#### Your assignment:
Every picture should be left out, but the lines below must be repeated exactly.

#### Given data:
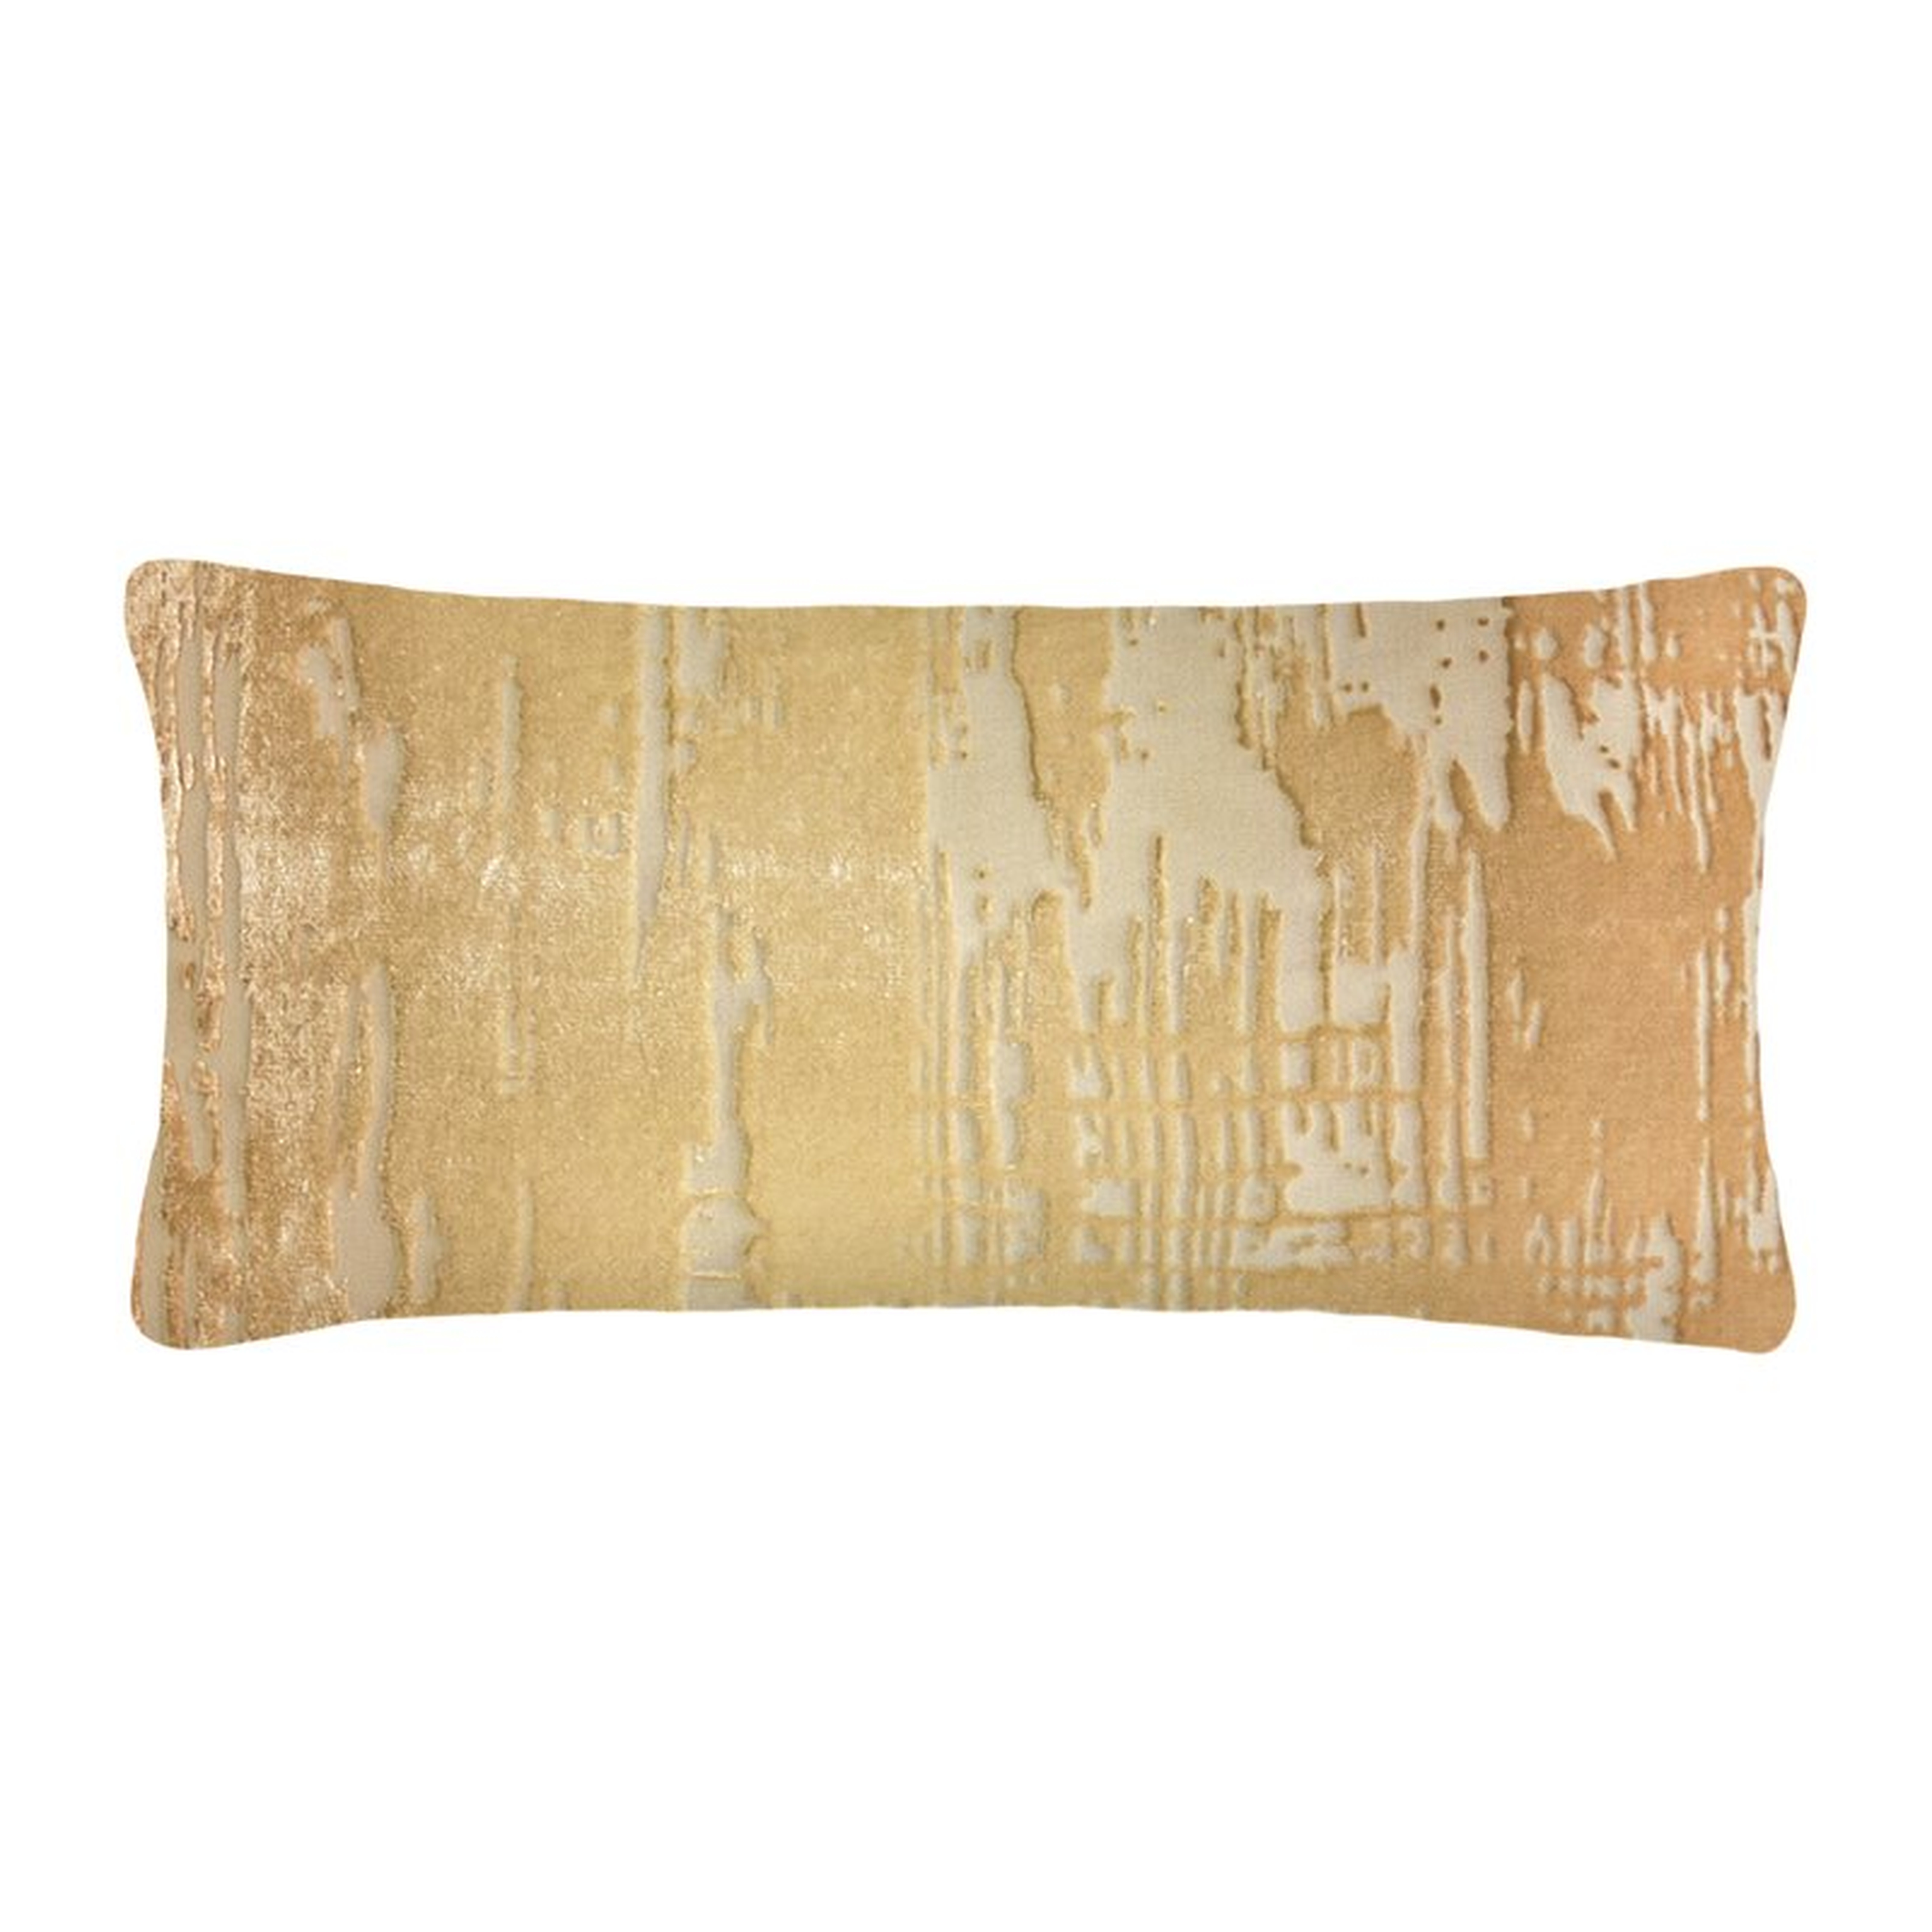 Kevin O'Brien Studio Brushstroke Down Abstract Lumbar Pillow Color: Gold Beige, Size: 8" x 16" - Perigold
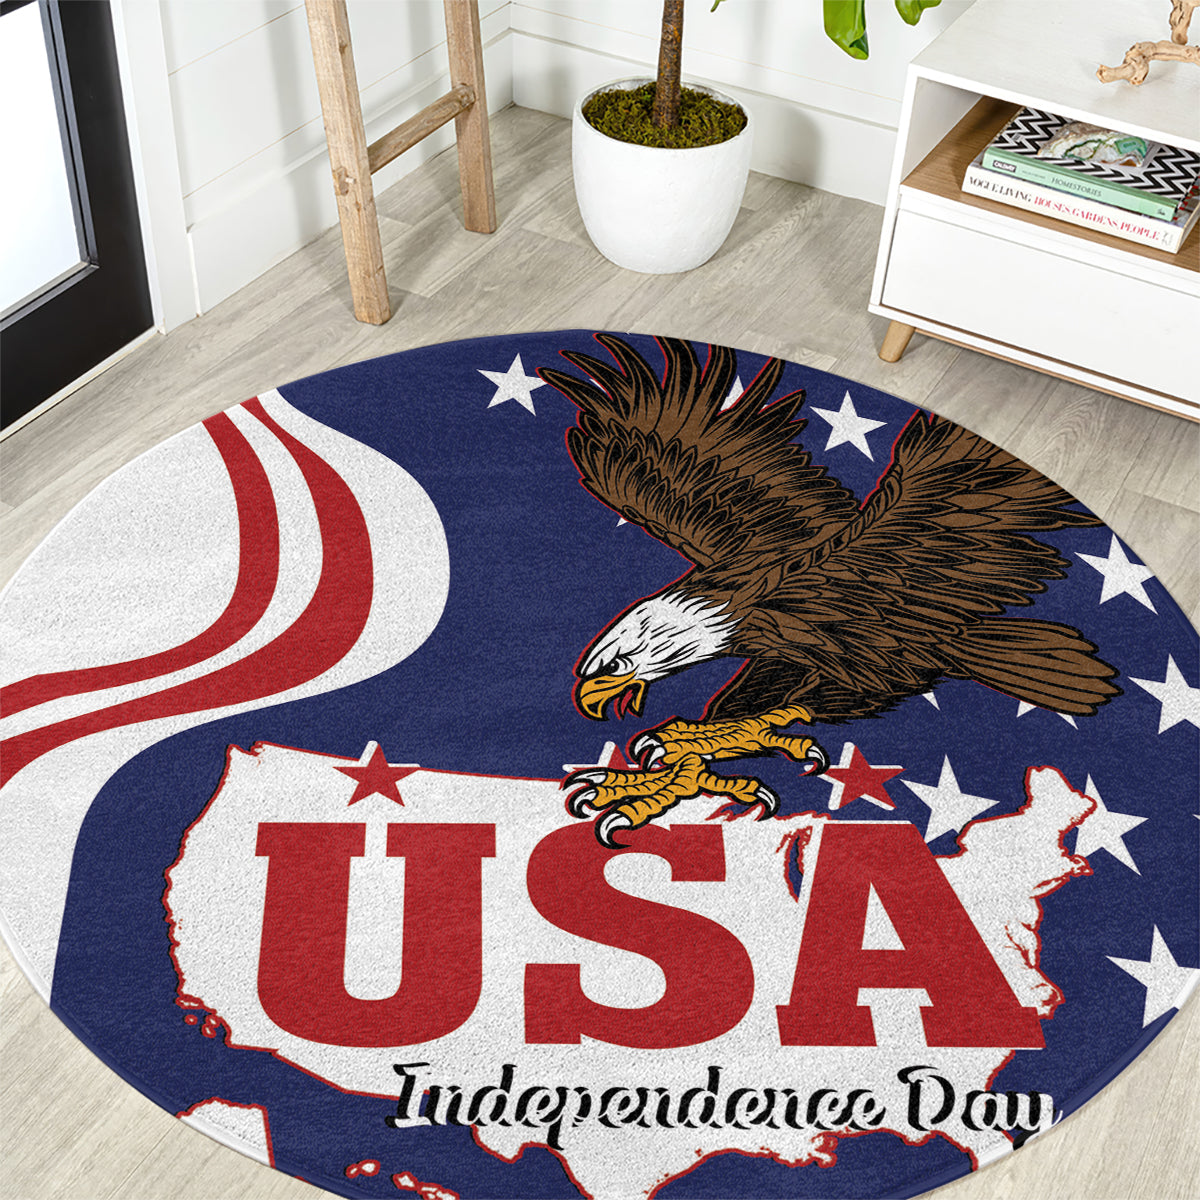 United States Independence Day Round Carpet USA Bald Eagle Happy 4th Of July
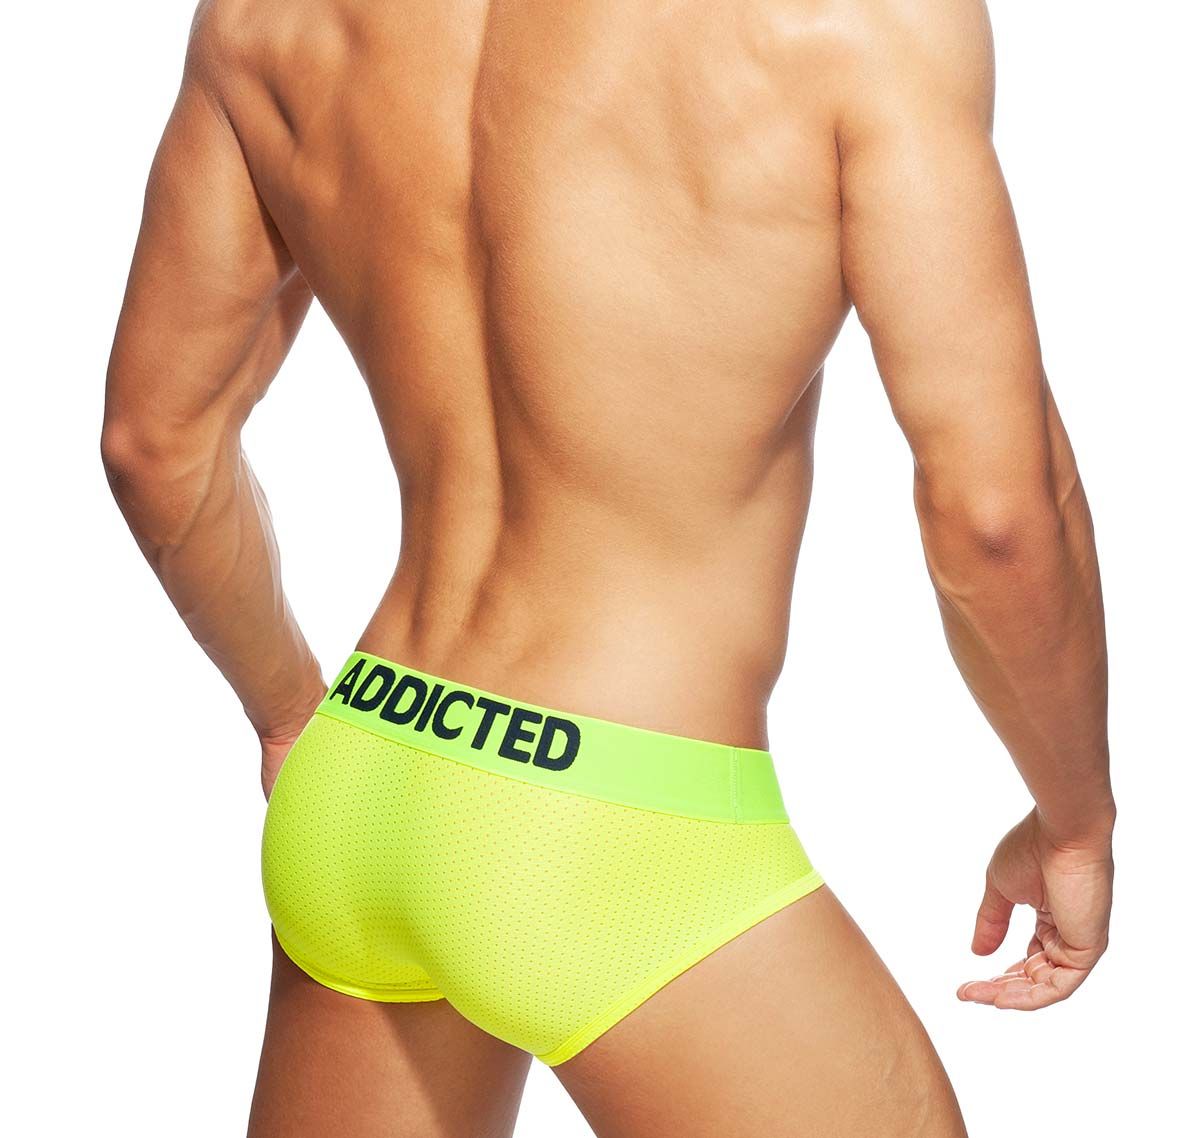 Addicted Brief RING UP NEON MESH BRIEF AD951, neon yellow
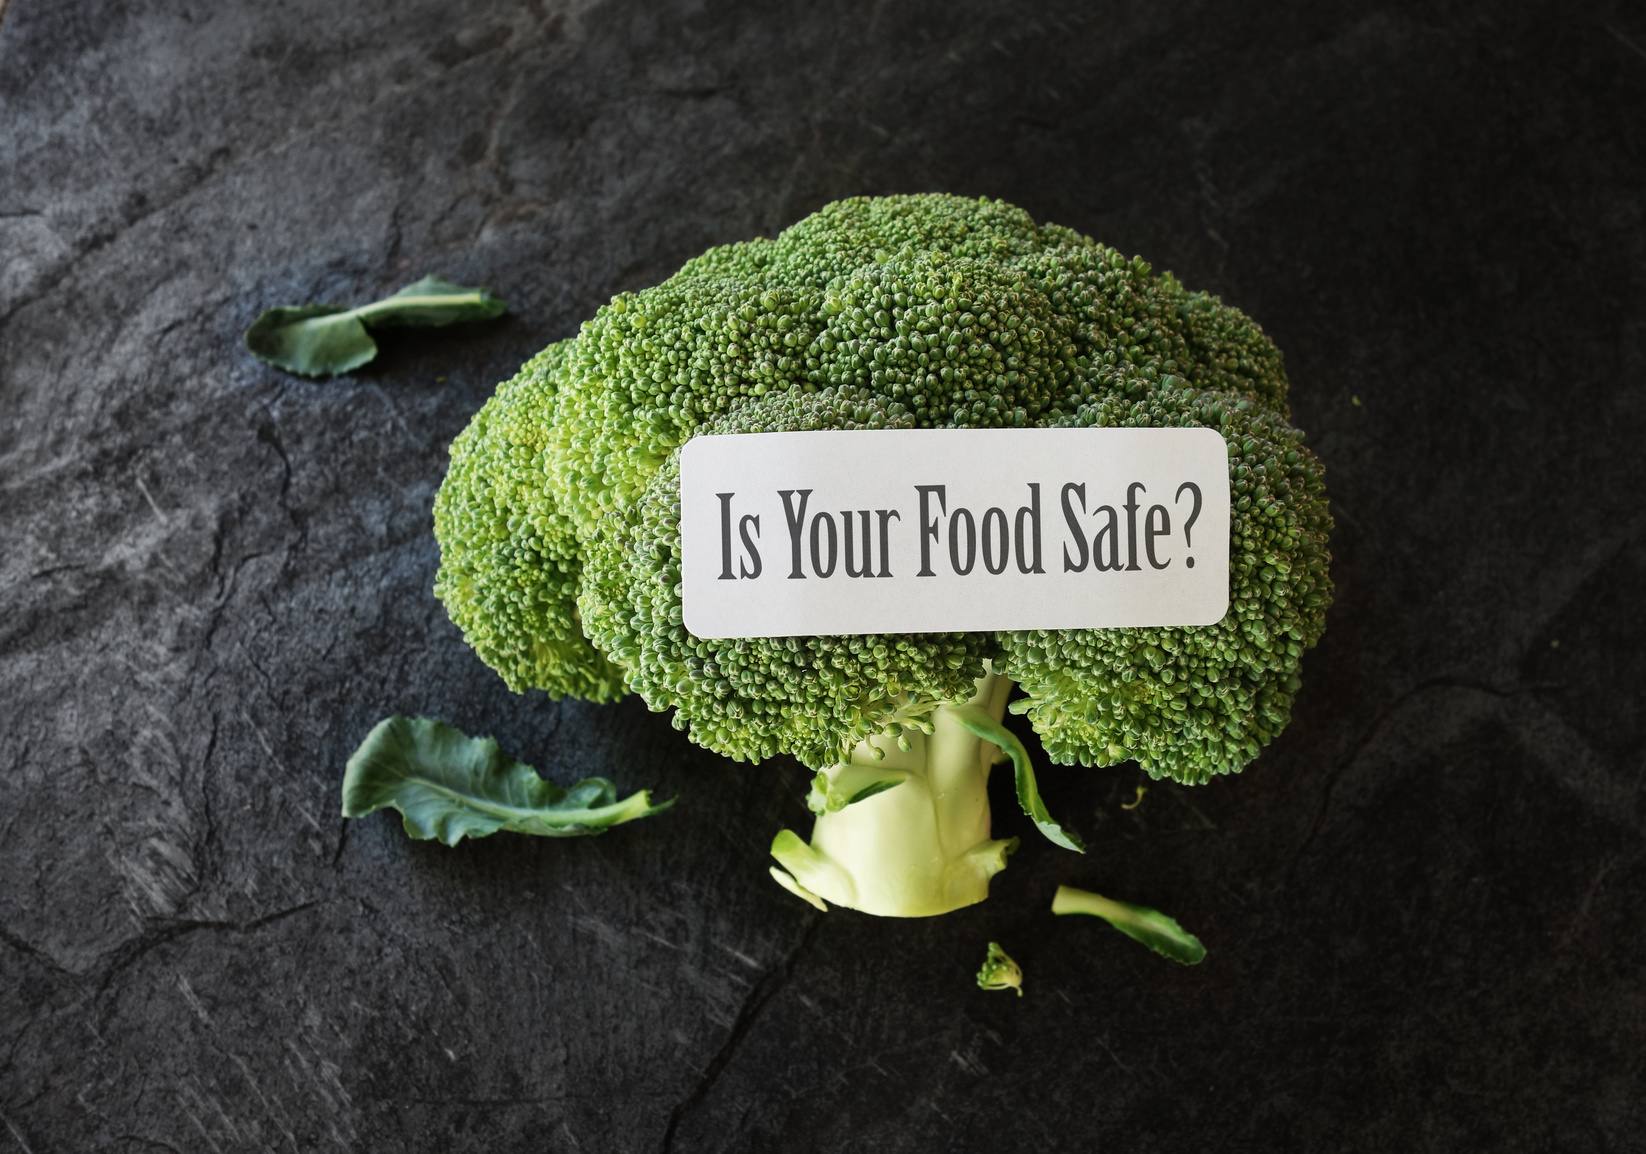 Counterfeit vegetables in Canada? - Canadian Packaging

#### Result of this task:
 Kevin O'Brien Studio Brushstroke Down Abstract Lumbar Pillow Color: Gold Beige, Size: 8" x 16" - Perigold
 United States Independence Day Round Carpet USA Bald Eagle Happy 4th Of July
 Addicted Brief RING UP NEON MESH BRIEF AD951, neon yellow
 Counterfeit vegetables in Canada? - Canadian Packaging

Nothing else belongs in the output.